*WORK TASK*
Images are to be excluded, and the rest of the data repeated exactly.

*MATERIAL PROVIDED*
# # # #
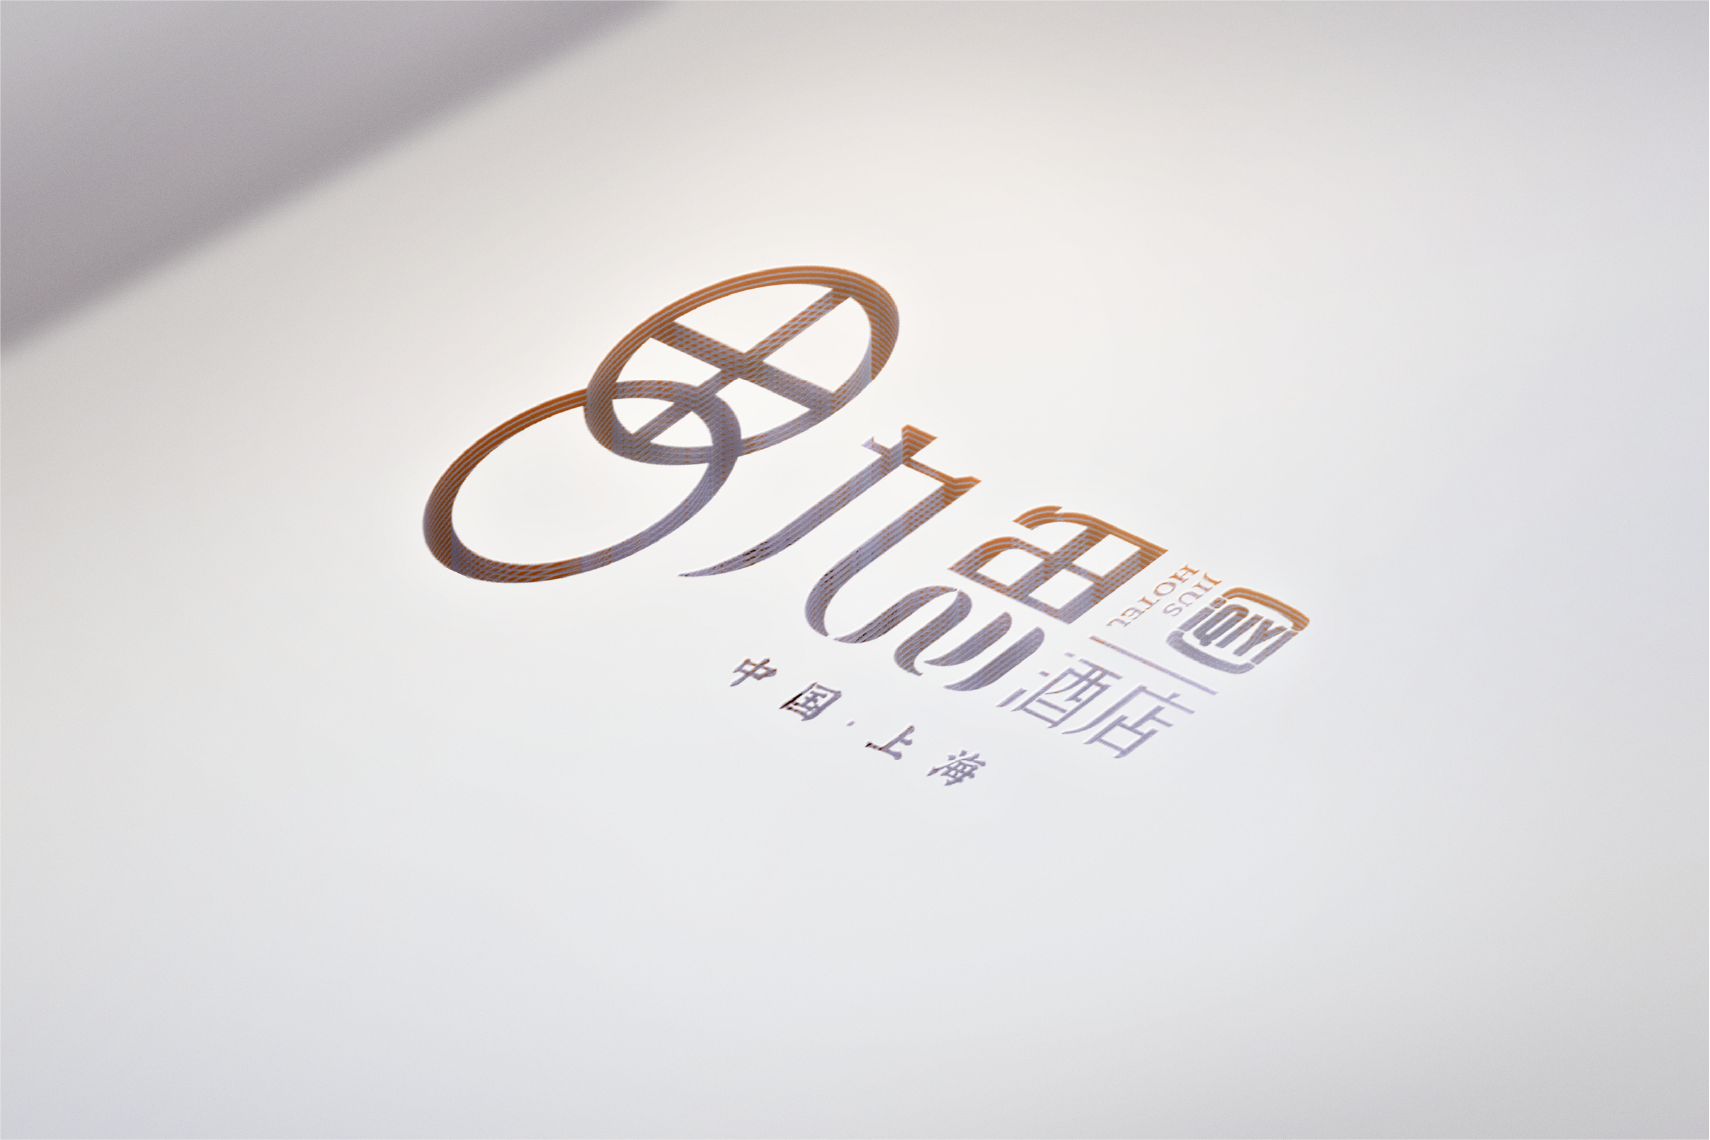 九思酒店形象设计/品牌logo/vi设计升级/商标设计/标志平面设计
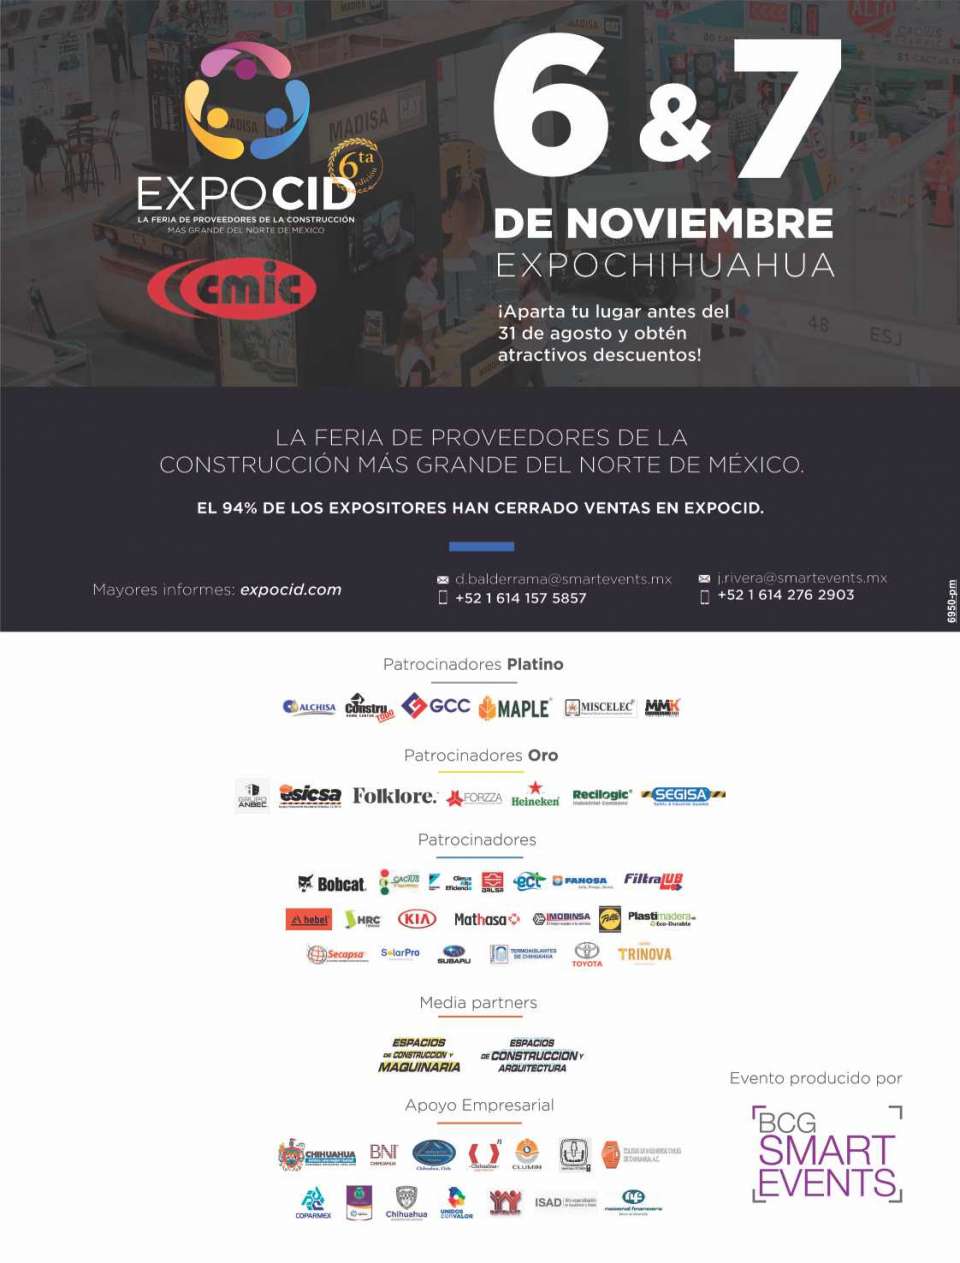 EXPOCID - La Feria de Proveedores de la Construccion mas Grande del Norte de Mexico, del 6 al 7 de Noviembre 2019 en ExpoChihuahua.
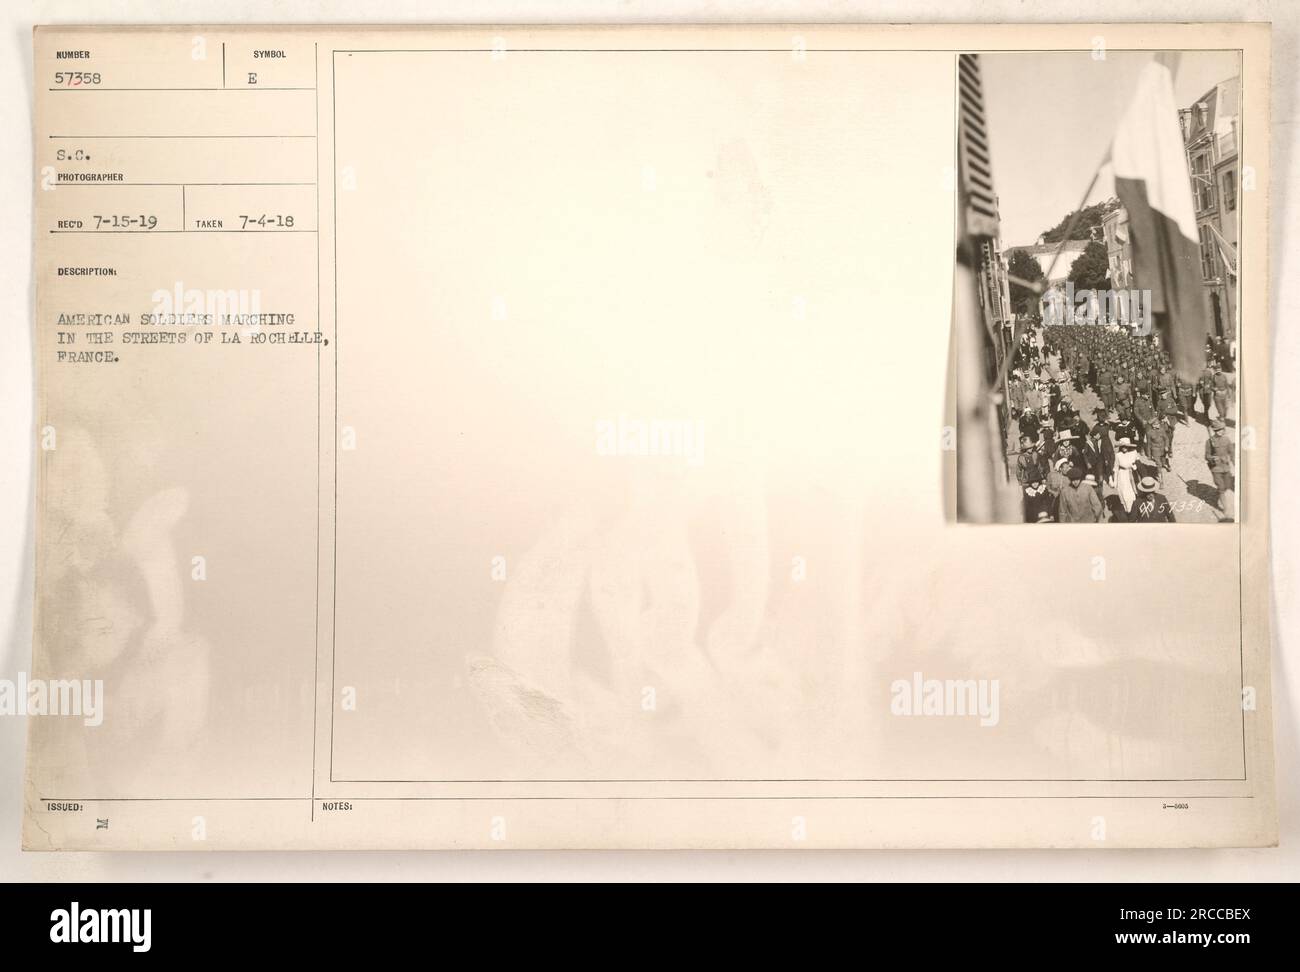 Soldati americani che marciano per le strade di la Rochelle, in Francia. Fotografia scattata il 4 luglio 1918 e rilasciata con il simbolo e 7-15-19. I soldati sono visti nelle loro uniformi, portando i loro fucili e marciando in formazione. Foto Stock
# # # #
*OUTPUT OF THE EXERCISE*
 九思酒店形象设计/品牌logo/vi设计升级/商标设计/标志平面设计
 EXPOCID - La Feria de Proveedores de la Construccion mas Grande del Norte de Mexico, del 6 al 7 de Noviembre 2019 en ExpoChihuahua.
 Soldati americani che marciano per le strade di la Rochelle, in Francia. Fotografia scattata il 4 luglio 1918 e rilasciata con il simbolo e 7-15-19. I soldati sono visti nelle loro uniformi, portando i loro fucili e marciando in formazione. Foto Stock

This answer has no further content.